Le domaine gelicon.ru ajoute un signal de cohérence. Les données de domaine et d'hébergement miroir relient le domaine à la société, à des serveurs de noms Gelicon et à l'espace d'adresses Gelicon. Pris seul, ce signal serait faible. Ajoute aux objets RIPE, aux pages tarifaires, aux contacts et aux bases juridiques, il donne une image cohérente: marque, domaine, ressources IP, AS et entité légale s'alignent suffisamment pour soutenir l'idée d'un opérateur en activité.
Il faut toutefois séparer l'évidence technique de l'évidence économique. Posséder ou exploiter des préfixes n'assure pas une marge élevée. Un petit opérateur peut avoir un réseau authentique et gagner très peu d'argent. Les ressources RIPE sont un support de production, pas une preuve de pouvoir de prix. Elles montrent que Gelicon-Apple a une base technique. Elles ne montrent pas si cette base génère assez de cash pour renouveler les switches, les routeurs, les liens, les onduleurs, les outils de supervision et les équipements clients.
L'interconnexion visible ne révèle pas les contrats
Les objets aut-num et les miroirs BGP montrent plusieurs relations réseau.
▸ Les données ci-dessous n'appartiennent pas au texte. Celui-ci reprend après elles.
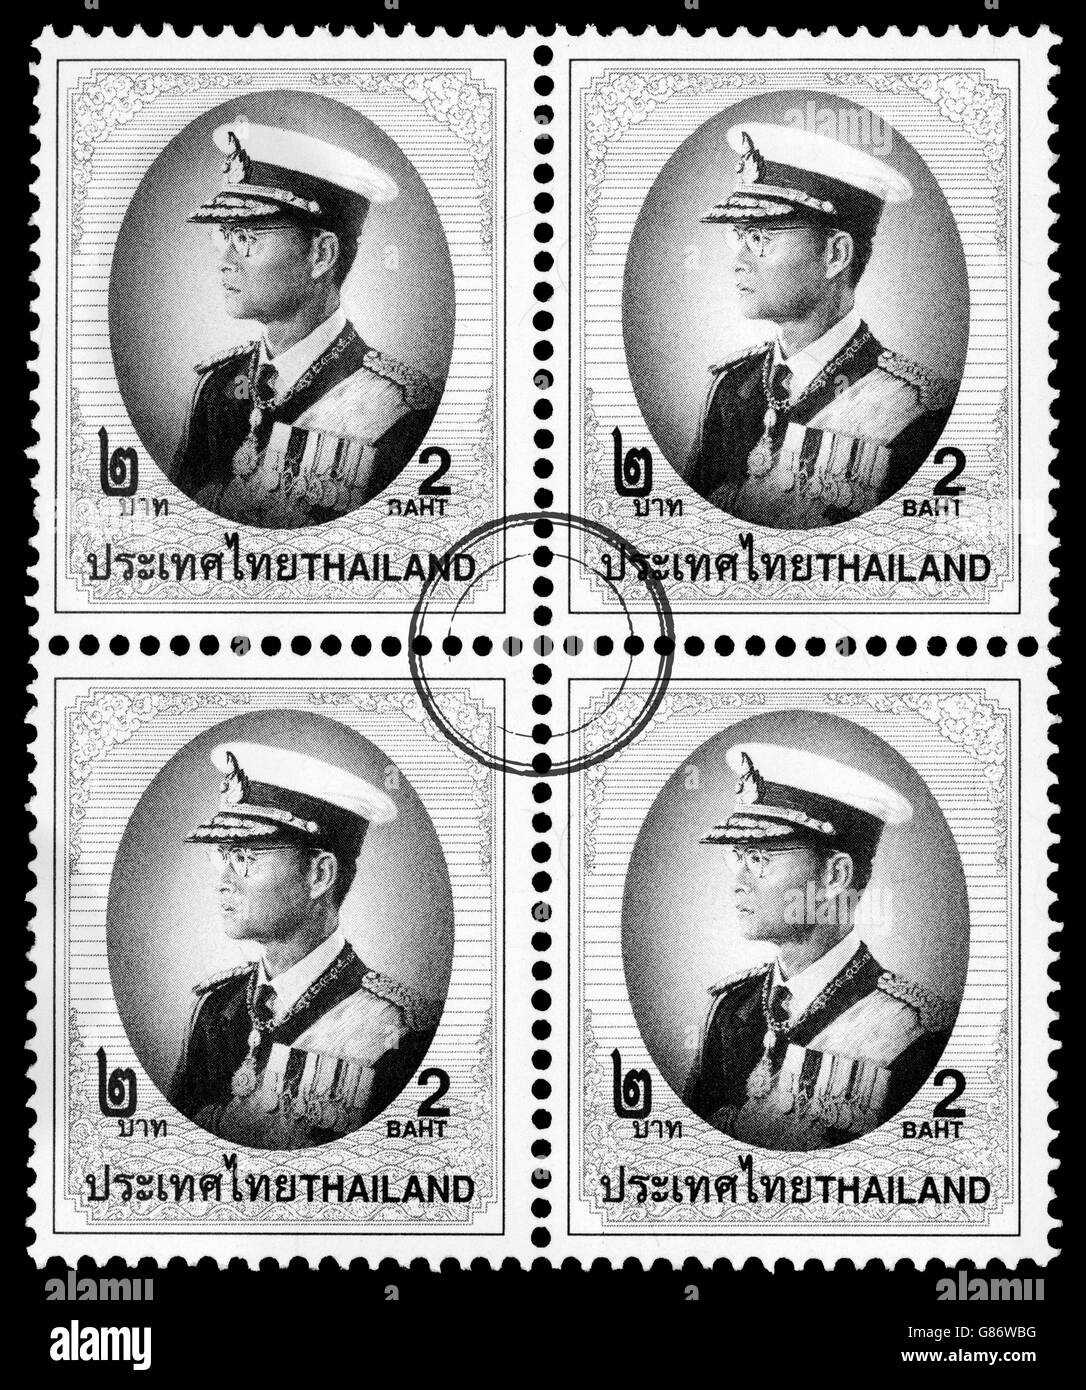 Un timbre-poste de Sa Majesté le Roi Bhumibol Adulyadej de Thaïlande Banque D'Images

AS35026 indique dans RIPE des imports depuis d'anciens fournisseurs amont et des exports annonçant AS35026 et AS198675. AS198675 indique des imports depuis AS8732, AS6679 et AS35026. Les vues BGP publiques font apparaître, selon le collecteur et l'ASN, des fournisseurs amont et pairs tels qu'INETCOM Carrier, BiMajLink, Big Telecom et d'autres réseaux. Cette diversité apparente est meilleure qu'un profil totalement opaque ou dépendant d'un seul voisin visible.
Mais le passage de la topologie au contrat est dangereux. Un miroir BGP montre une relation observée ou déclarée à un moment donné. Il ne montre pas le prix du transit, la capacité engagée, les clauses de service, les délais de paiement, les engagements de maintenance, les protections contre une coupure, ni la capacité réelle en heure de pointe. Il ne montre pas non plus si une relation est principale, secondaire, temporaire ou héritée. Pour juger la résilience financière, il faudrait les contrats, les volumes, les factures de transit et les incidents historiques. Les sources publiques ne les fournissent pas.
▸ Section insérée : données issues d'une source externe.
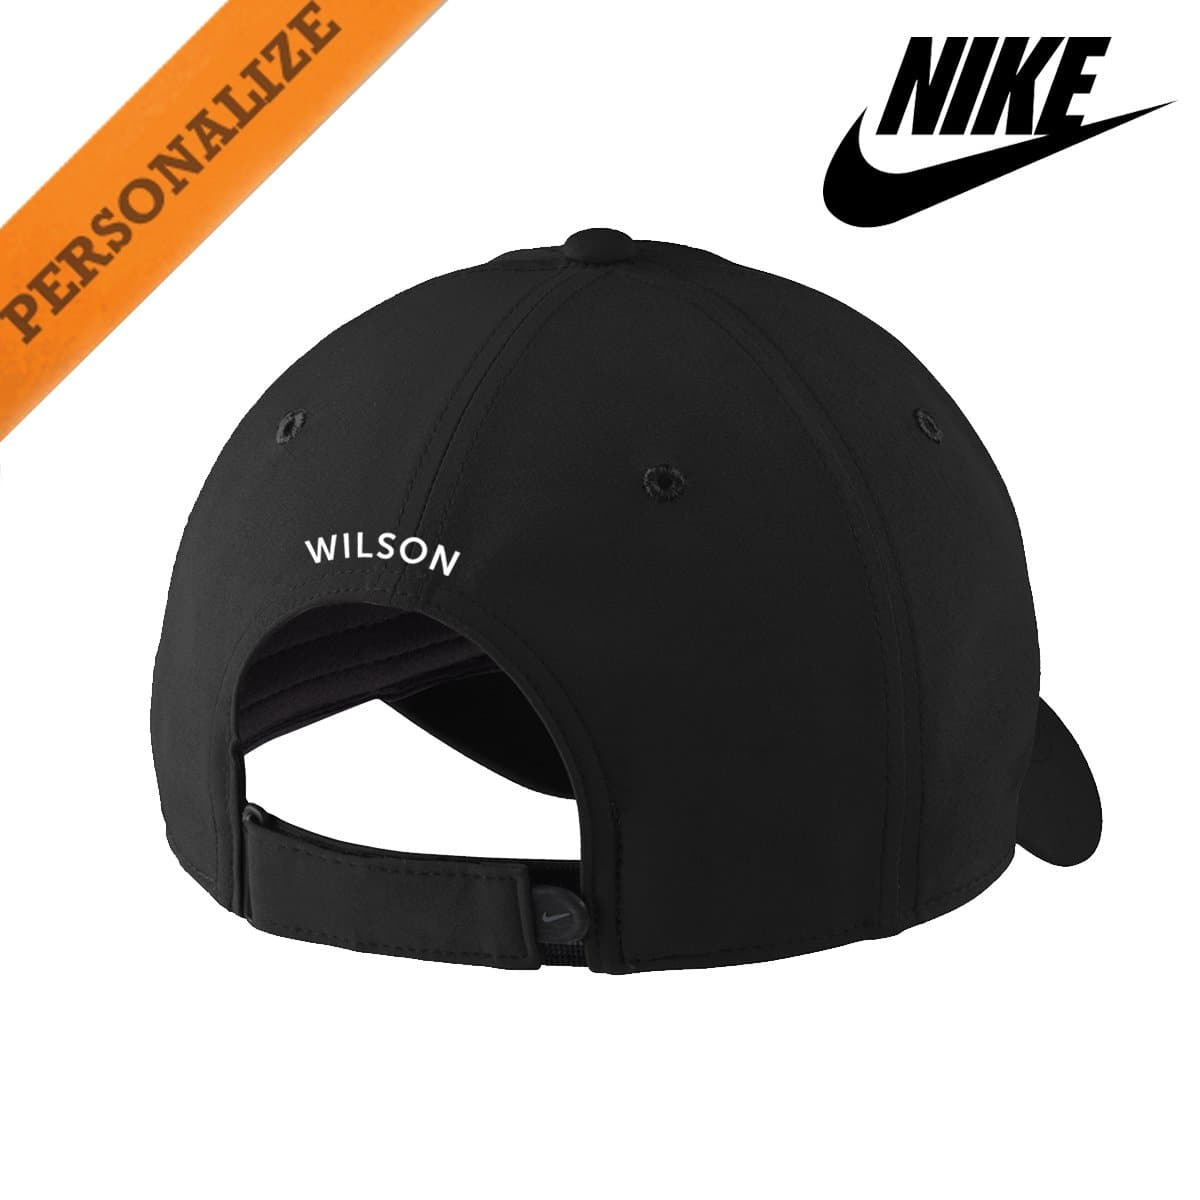 Kappa Alpha Personalized Black Nike Dri-FIT Performance Hat | Kappa Alpha Order | Headwear > Billed hats

L'inférence raisonnable est donc nuancée. Gelicon-Apple a plus d'un chemin d'interconnexion visible, ce qui soutient une thèse d'opérateur technique plutôt que de simple façade commerciale. En revanche, sa petite taille comptable rend la question du pouvoir de négociation importante. Les grands opérateurs peuvent souvent acheter du transit, du matériel et de l'énergie à de meilleures conditions. Un petit opérateur peut compenser par la proximité et la sobriété, mais il subit plus fortement les hausses unitaires.
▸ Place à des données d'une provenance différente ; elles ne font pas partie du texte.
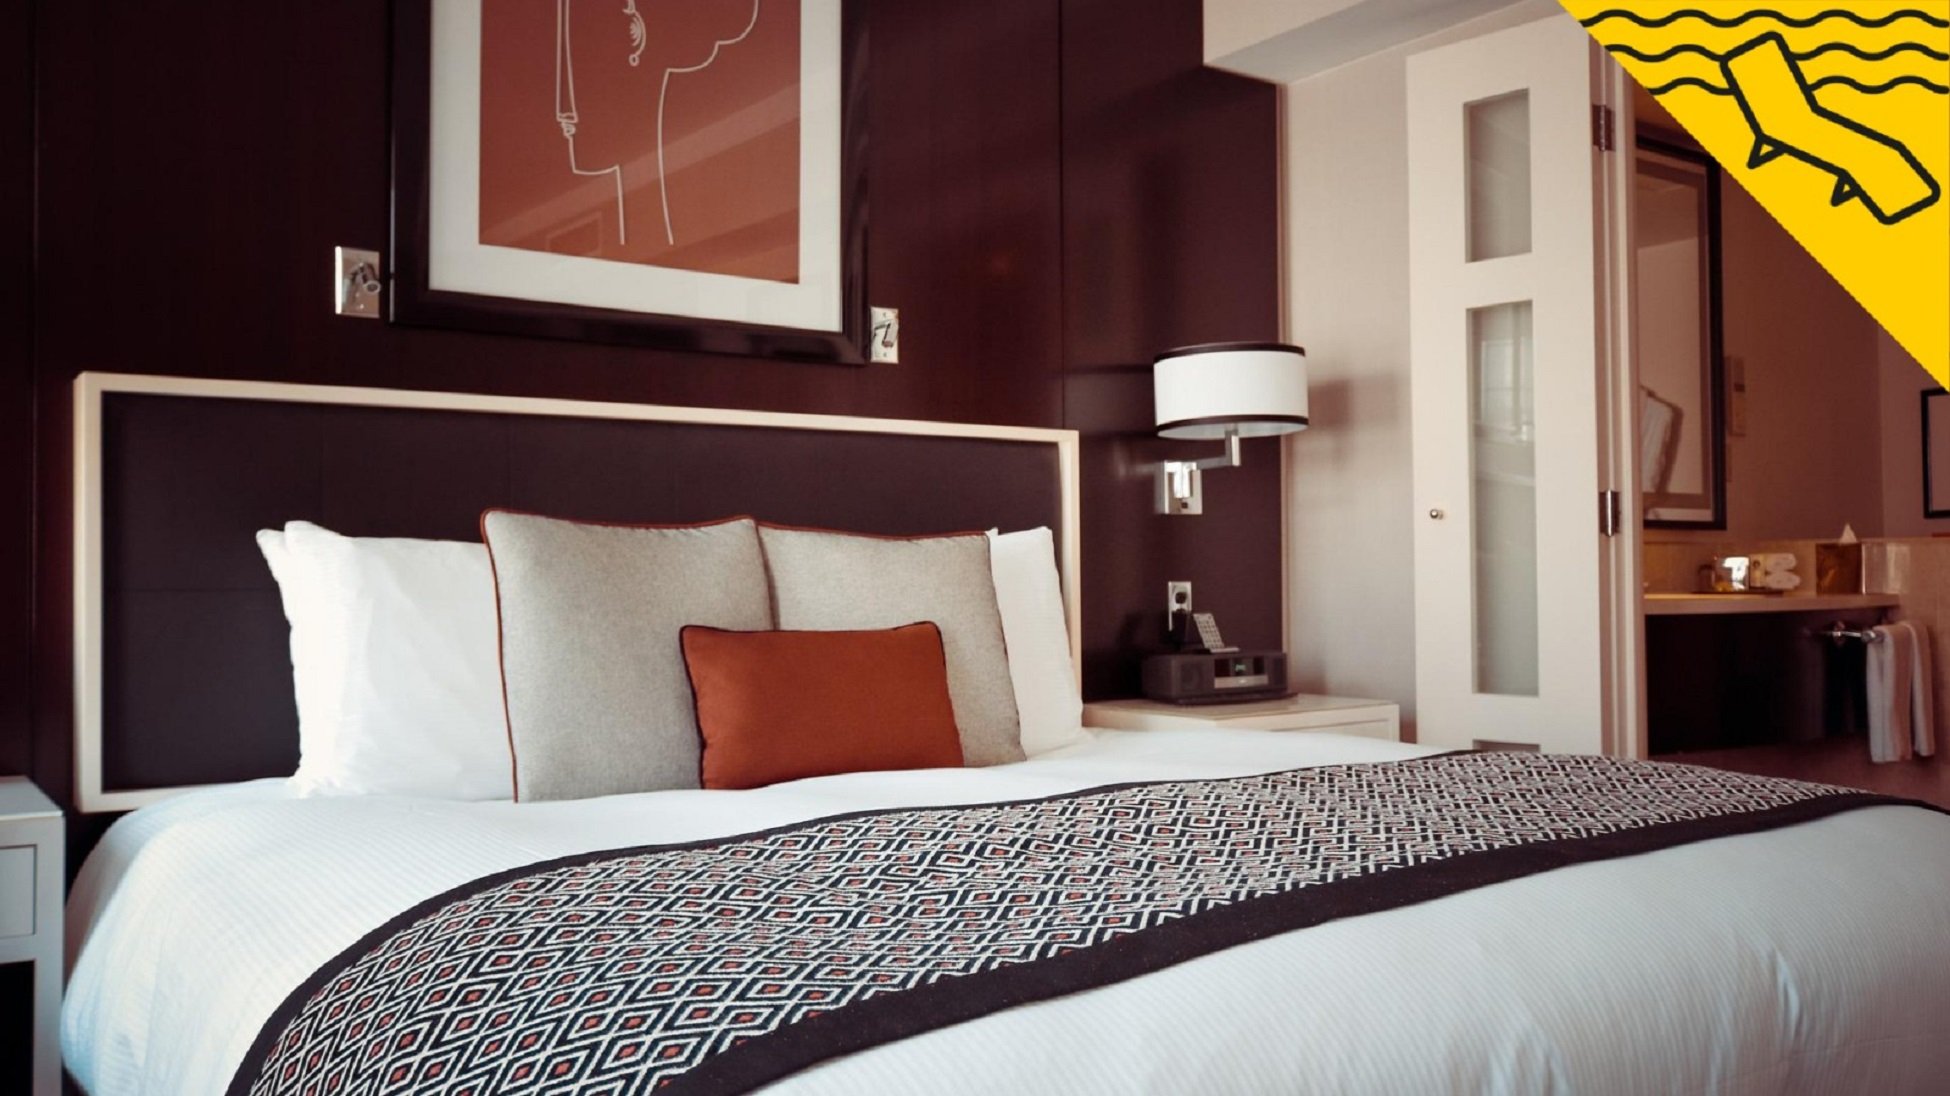 Les 7 zones més brutes d’una habitació d’hotel que potser no t'havies plantejat

La dépendance à quelques fournisseurs ou voisins de réseau, si elle existe, pourrait devenir un point de pression.
Dans le contexte russe, cette incertitude est plus forte. Les contraintes sur les importations d'équipements, les paiements transfrontaliers, les pièces de rechange, les devises et la conformité peuvent affecter tous les opérateurs. Les grands groupes disposent souvent de stocks, d'équipes juridiques et d'alternatives d'approvisionnement plus larges. Une petite entreprise doit faire fonctionner son réseau avec moins de coussin. Rien dans les sources ne dit que Gelicon-Apple est sous sanctions.
Le risque pertinent est plus général: un opérateur à faible profit déclaré supporte mal un renchérissement des composants ou une dégradation des conditions de transit.
Les clients sont visibles comme catégorie, pas comme portefeuille
Les pages publiques montrent clairement une activité de détail. Il y a des tarifs résidentiels, des processus de connexion, des contacts de support, des méthodes de paiement, des listes de couverture et des offres de services additionnels. Gelicon affirme que 1 567 résidents de Babouchkino et Sviblovo et 150 entreprises ont choisi le réseau. Cette phrase est utile comme signal d'échelle locale, mais elle doit être traitée comme possiblement datée. Elle n'est pas un audit d'abonnés actifs en 2026, ni une ventilation du chiffre d'affaires, ni une preuve de rétention.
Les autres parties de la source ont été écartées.